# x-Trail roof headlight re-setting, possible?



## alflavia (Apr 3, 2005)

Has someone ever think in making these headlight functions without having to set the front light to high? I hope I’m not the only one with this intention, is only that for me is not practical to be limited to the factory setting.


----------



## aussietrail (Sep 24, 2004)

Hi, are you talking about the hyper roof rails for the xy with those 2 lights in the roof rack? If yes, then am sure you can adjust the wiring on the relay for them to turn on with your parker lights.

I have the 2 front fog lights in the bumper and these were factory set to come on with parker lights, they use a separate switch however.

I don't think it'll be a hard thing to do, but it depends on your countrys' (where are you from by the way?) road regulations. In Australia, we're not allowed to turn the front fog lights, only in extreme weather conditions or off-road.



alflavia said:


> Has someone ever think in making these headlight functions without having to set the front light to high? I hope I’m not the only one with this intention, is only that for me is not practical to be limited to the factory setting.


----------



## alflavia (Apr 3, 2005)

aussietrail said:


> Hi, are you talking about the hyper roof rails for the xy with those 2 lights in the roof rack? If yes, then am sure you can adjust the wiring on the relay for them to turn on with your parker lights.
> 
> I have the 2 front fog lights in the bumper and these were factory set to come on with parker lights, they use a separate switch however.
> 
> I don't think it'll be a hard thing to do, but it depends on your countrys' (where are you from by the way?) road regulations. In Australia, we're not allowed to turn the front fog lights, only in extreme weather conditions or off-road.
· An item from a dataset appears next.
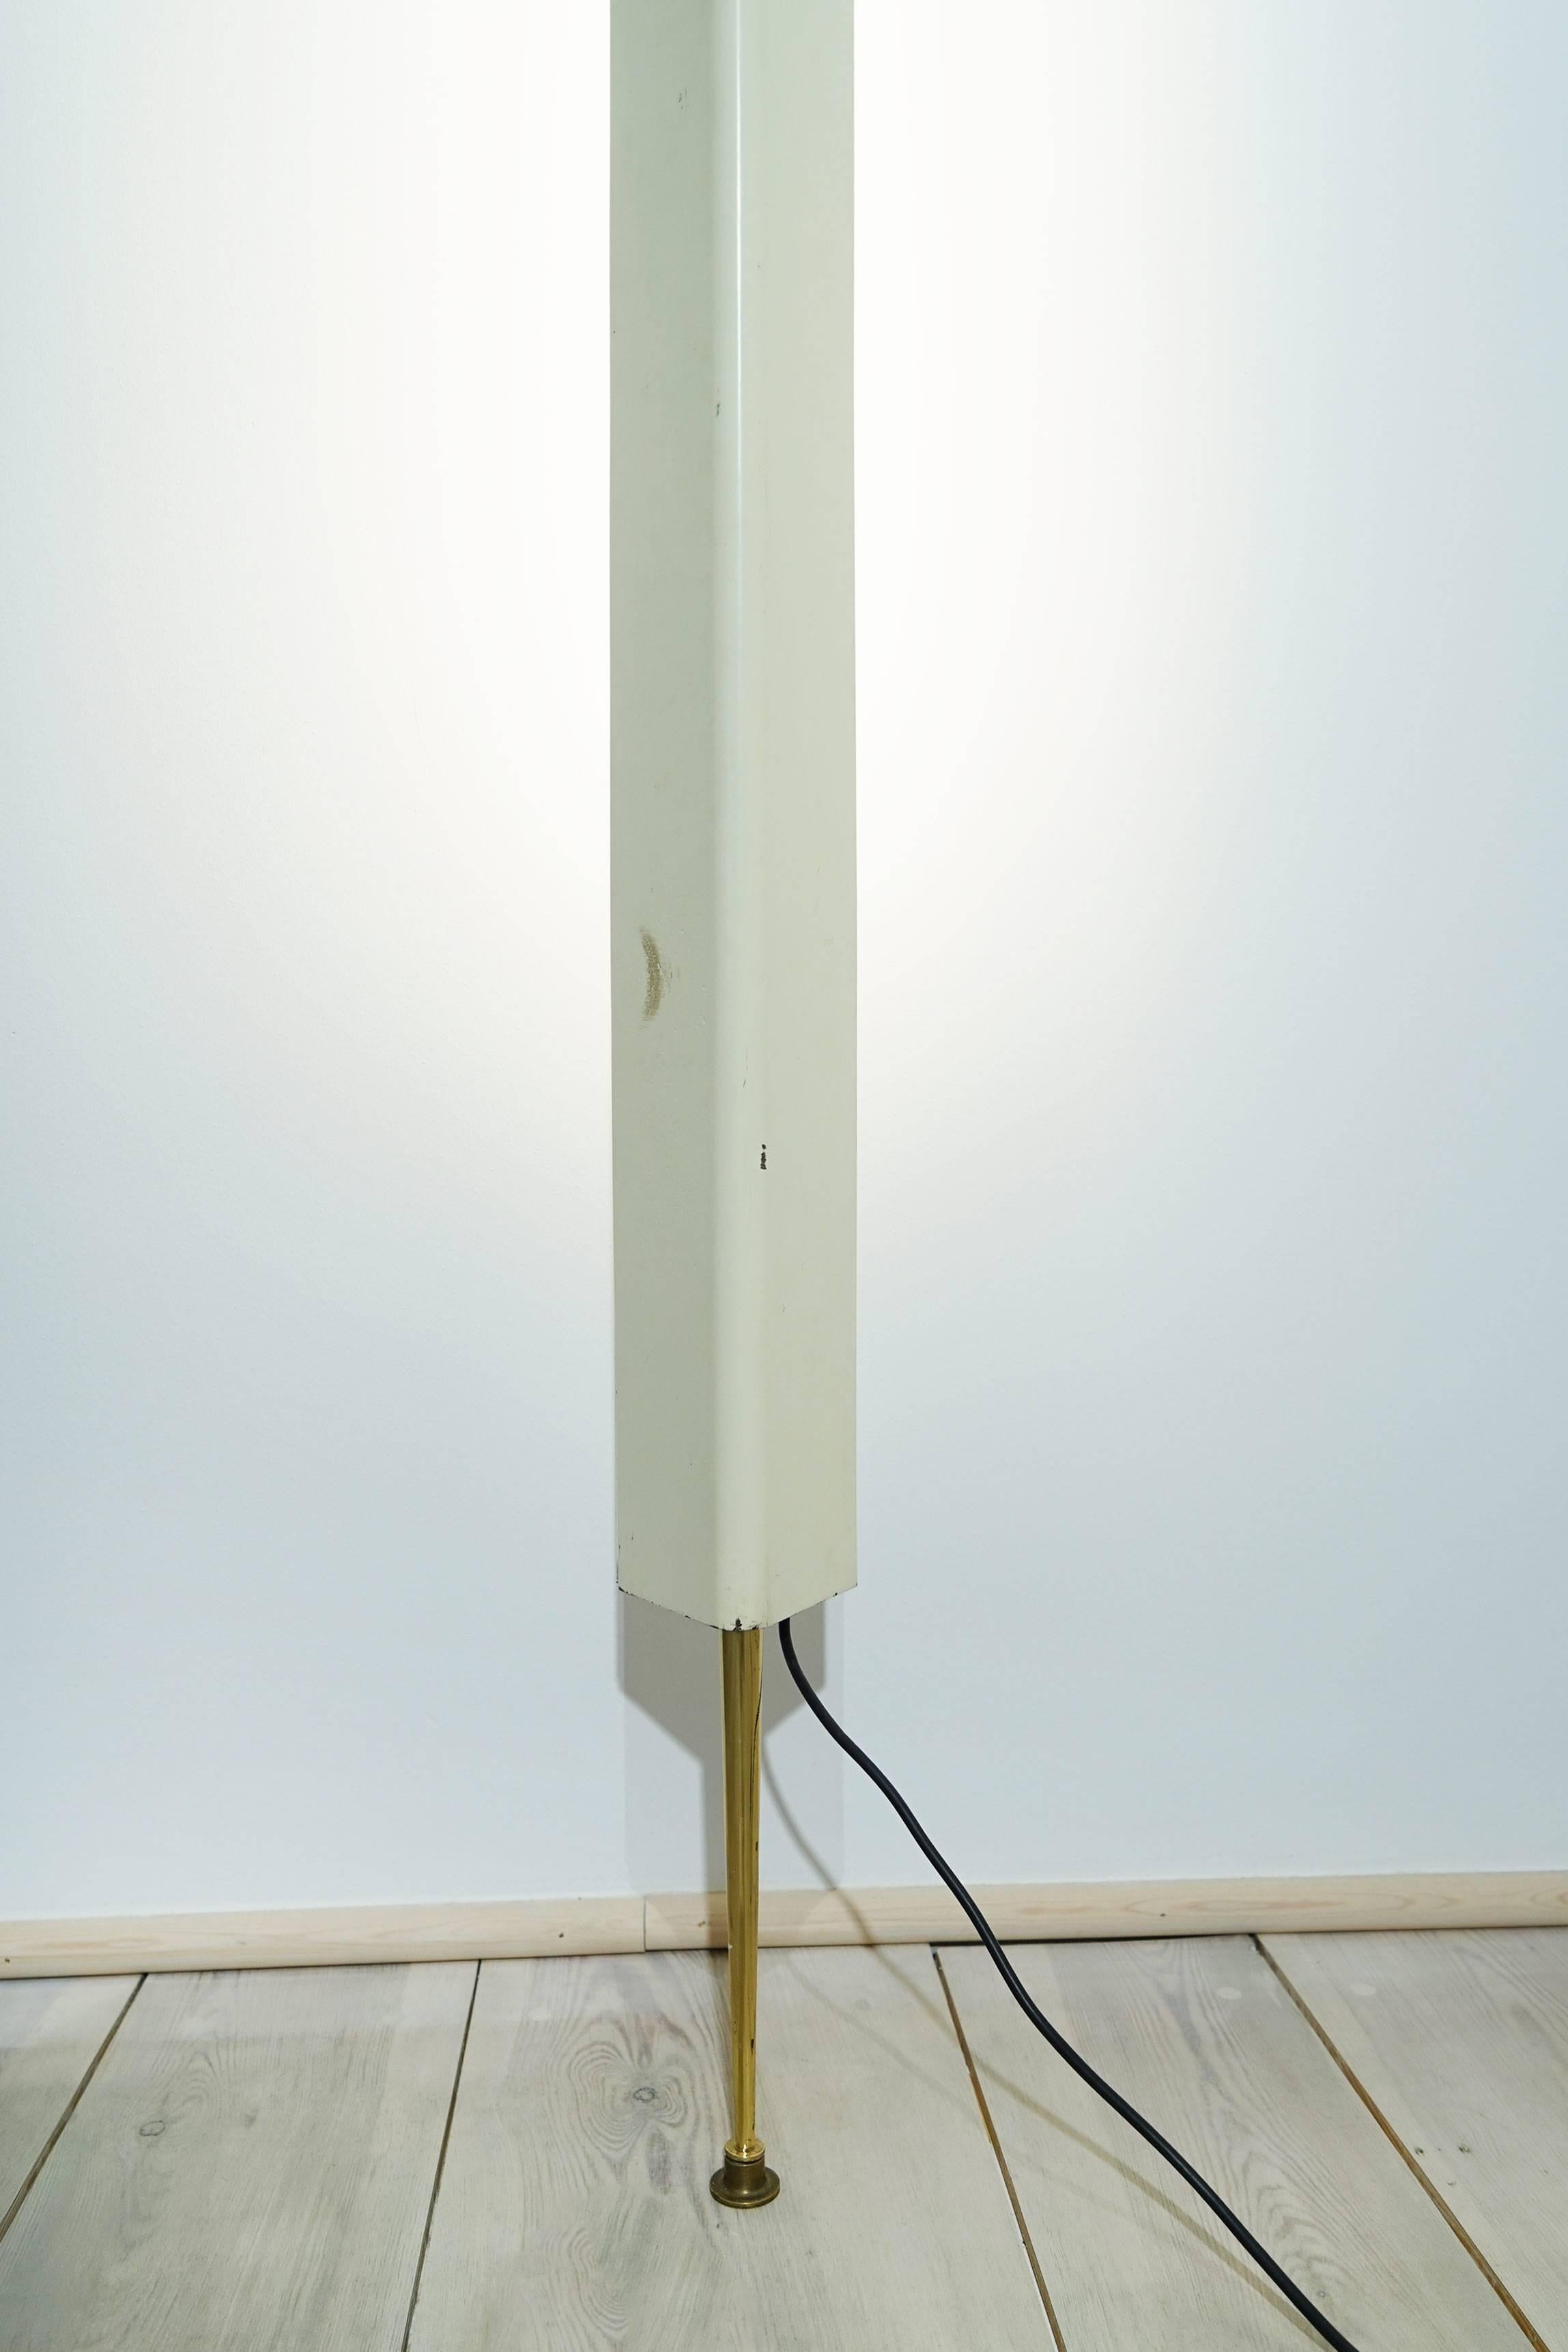 Floor lamp LT8 by Osvaldo Borsani, Arredoluce, Italy, 1958

for suspension between ceiling and floor.

Yes indeed… those same lights… from a 2005 model.

I’m from the Dominican Republic, in the Caribbean, although we don’t have any regulation regarding when to use it, I would definitely only turn it on during off road / difficult weather condition as you mentioned. 

Thx for your quick and accurate response, I’ll be looking for a solution shortly if possible.

Regards,


----------



## manuelga (Dec 14, 2003)

Alfavia: Bienvenido.

As long as we speak here in english, I'll keep writing in English.

You'll always got a fast response from people over here, thanks to the wonderfull worldwide X-Trailer community.

Please, post pics of your X-Ty at ViperZ, thread.


----------



## Lukasz (Oct 14, 2004)

arrghhhh...I envy you. Those roofracks look so cool. 
Anywyas, as AussieTrail mentioned, I'm pretty sure you can make the roof lights light up independently by modifying the circuit. You will probably have to take a look at where the wiring goes. Most likely, the roof lights and the headlights share the same relay, and that is the reason why you can only switch the roof lights on when the headlights are on. If you find the correct wires going to the roof lights, you can simply put them on a seperate relay, and then you should be able to turn the lights on independently of each other.

Lukasz


----------



## alflavia (Apr 3, 2005)

manuelga said:


> Alfavia: Bienvenido.
> 
> As long as we speak here in english, I'll keep writing in English.
> 
> ...


Thx Manuelga!!!

I'll keep into consideration both communities to not only get faster response but also to make more ciber-xtrail-friends


----------



## alflavia (Apr 3, 2005)

Lukasz said:


> arrghhhh...I envy you. Those roofracks look so cool.
> Anywyas, as AussieTrail mentioned, I'm pretty sure you can make the roof lights light up independently by modifying the circuit. You will probably have to take a look at where the wiring goes. Most likely, the roof lights and the headlights share the same relay, and that is the reason why you can only switch the roof lights on when the headlights are on. If you find the correct wires going to the roof lights, you can simply put them on a seperate relay, and then you should be able to turn the lights on independently of each other.
> 
> Lukasz


Ummm... very interesting your suggestion. last time I got the chance of working with circuits and relay was at the university  Any way, probably I'll find someone that could look at those wires if this keep bothering me. Thx for your kindly and explicit response...

Alejandro


----------